При условии, что мы не будем додумывать до конца, что она такое, проблем не возникнет.

Никаких.

Надо же! Только сейчас заметил, что пишу «человек», «люди» вместо «мы», «я».

Поверьте, не потому, что считаю себя выше, нет, вовсе нет, уверяю вас.

Это скорее своего рода отстранение, навязчивое ощущение, будто играешь некую роль.

Как вы знаете, вот уже несколько лет я живу за границей. Здесь существует расхожее представление о французах (хорошие вина, изысканная кухня…). Не раз скудость общения вынуждала меня изображать француза. Я прикидывался восторженным поклонником роскоши, пел дифирамбы вину мадиран или какому-нибудь блюду, о существовании которого узнал минуту назад.

Та же причина, хоть и гораздо реже, вынуждала меня играть роль «крепкого парня» — я имитировал страсть, которой не чувствовал, к автомобилям «астон-мартин», красоткам из календарей Пирелли и пенальти Мишеля Платини.

Чувствую, что смогу сыграть и роль человека (и непременно сыграю, если в один прекрасный день встречусь с инопланетянами).

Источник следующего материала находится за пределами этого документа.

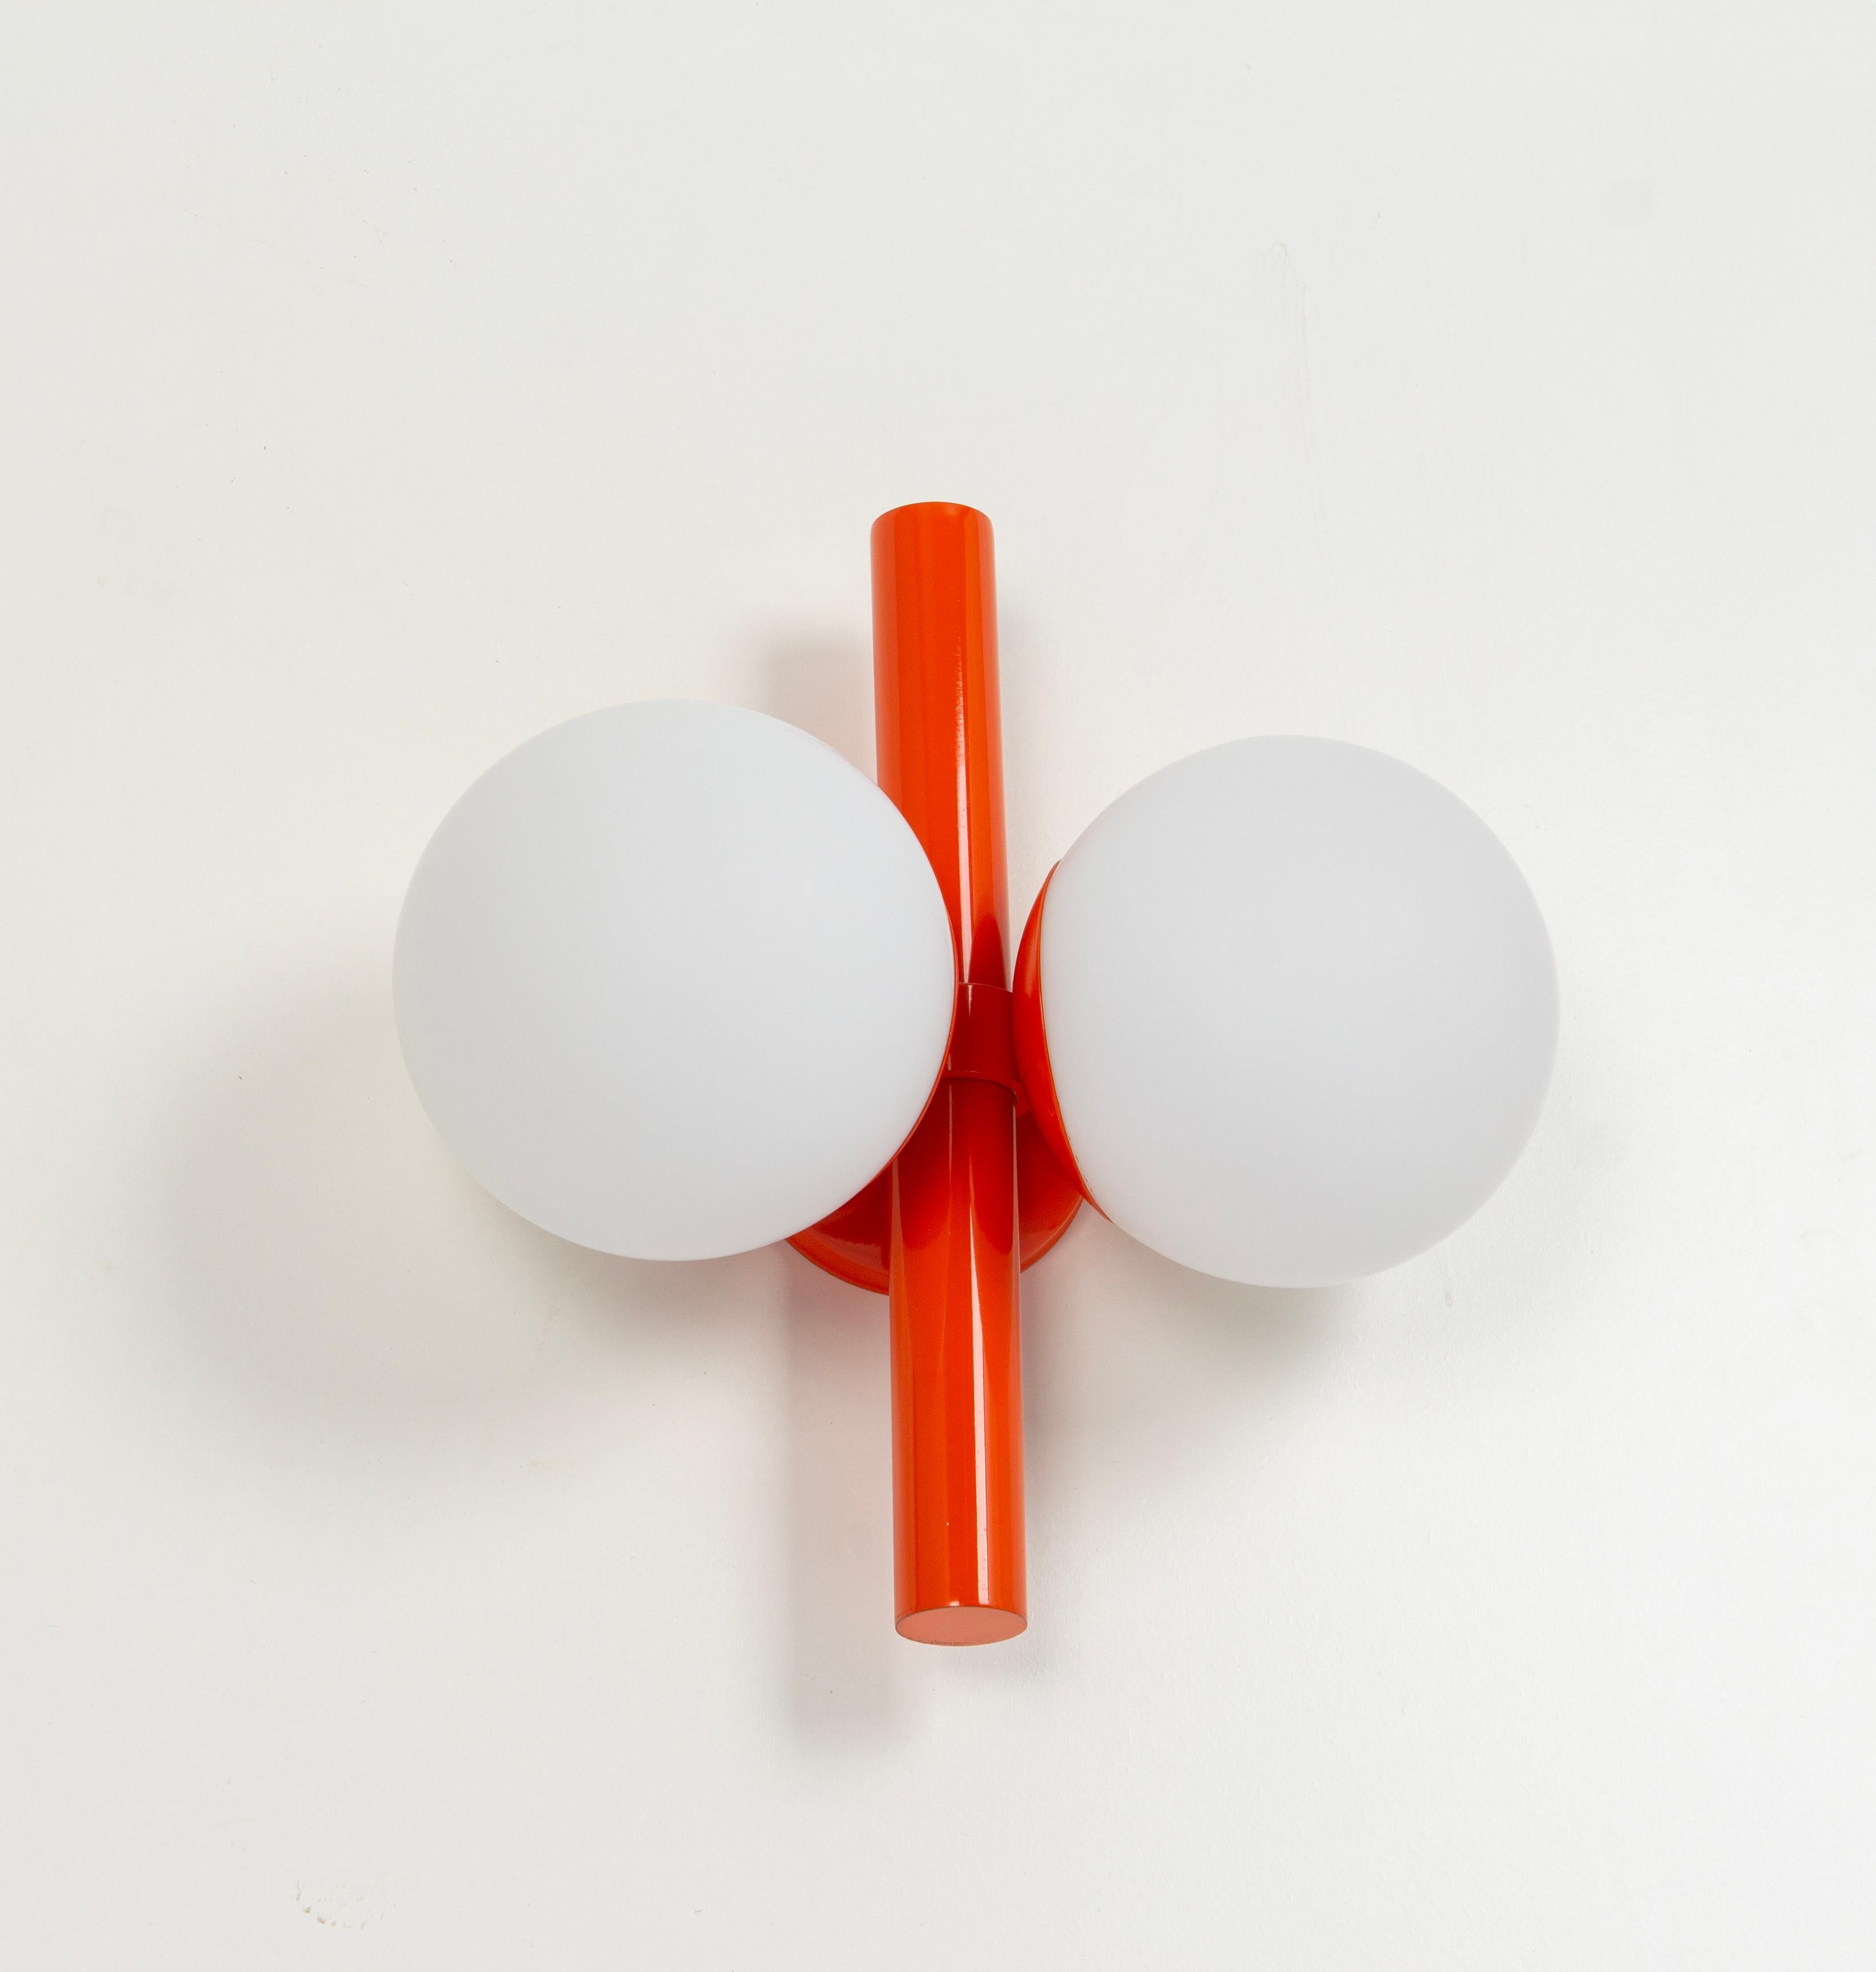 Late 20th Century 1 of 3 Midcentury Orbital Wall lights in Orange by Kaiser, Germany, 1970s For Sale

Но и без межгалактических гостей, в самой обычной, будничной жизни — утверждаю с полной ответственностью — имитация человеческого поведения может оказать немалую услугу. Зато в своих книгах (по сути, книги — единственное, что для меня по-настоящему важно) я сохраняю по отношению к человечеству некоторую критическую дистанцию.

Учитывая эту мою особенность, весьма для меня важную, хочу подчеркнуть, что всегда был исключительно любезен с евреями. И всегда охотно выслушиваю их рассказы о том, что такое родиться и быть евреем (словно этот факт более значителен, нежели принадлежность к роду человеческому вообще). Но это, на мой взгляд, свидетельствует о моем подспудном признании правомерности подобных притязаний.

Куда менее терпим я оказался по отношению к русским, когда они пытались увлечь меня разговором об особенностях «славянской души». Поверьте, я мгновенно давал им отпор.

Не говорю уж о кельтах или корсиканцах, их претензии и вовсе смехотворны.

Если честно, мне крайне неприятно стремление этих не слишком крупных, заведомо незначительных млекопитающих выделиться в особые породы. Как это непохоже на собак! Например, моя собака (средней величины, может быть, даже маленькая, нет, скорее все-таки средняя) признает своих и в чихуахуа, и в доберманах.

Хорошо бы, мне кажется, иной раз посмотреть на людей так, как мы смотрим, например, на бактерий. Я выбрал бактерий умышленно, потому что они бывают вредные и полезные (например, в йогуртах).

И потом, отстранившись как можно дальше, спросить себя: а заслуживает ли опыт существования человечества продолжения? Взвесить заслуги, ошибки и, в зависимости от результатов, внести необходимые коррективы.

Я не знаток философии, но у меня возникло ощущение, что сейчас она деградирует. Кант возвысился до точки зрения «человека мыслящего», независимого от превратностей жизни остального человечества. С тех пор мы отказались от подобных притязаний и заметно снизили планку.

Очень жаль. Кому, как не мне, создателю самых разных персонажей, знать, насколько человечество прилипчиво. Увязаешь в нем, будто в патоке, ищешь оправдания для всех и каждого, и вот уже ты старчески бессильный сюсюкающий потатчик.

Впрочем, простите, я, кажется, излишне разволновался.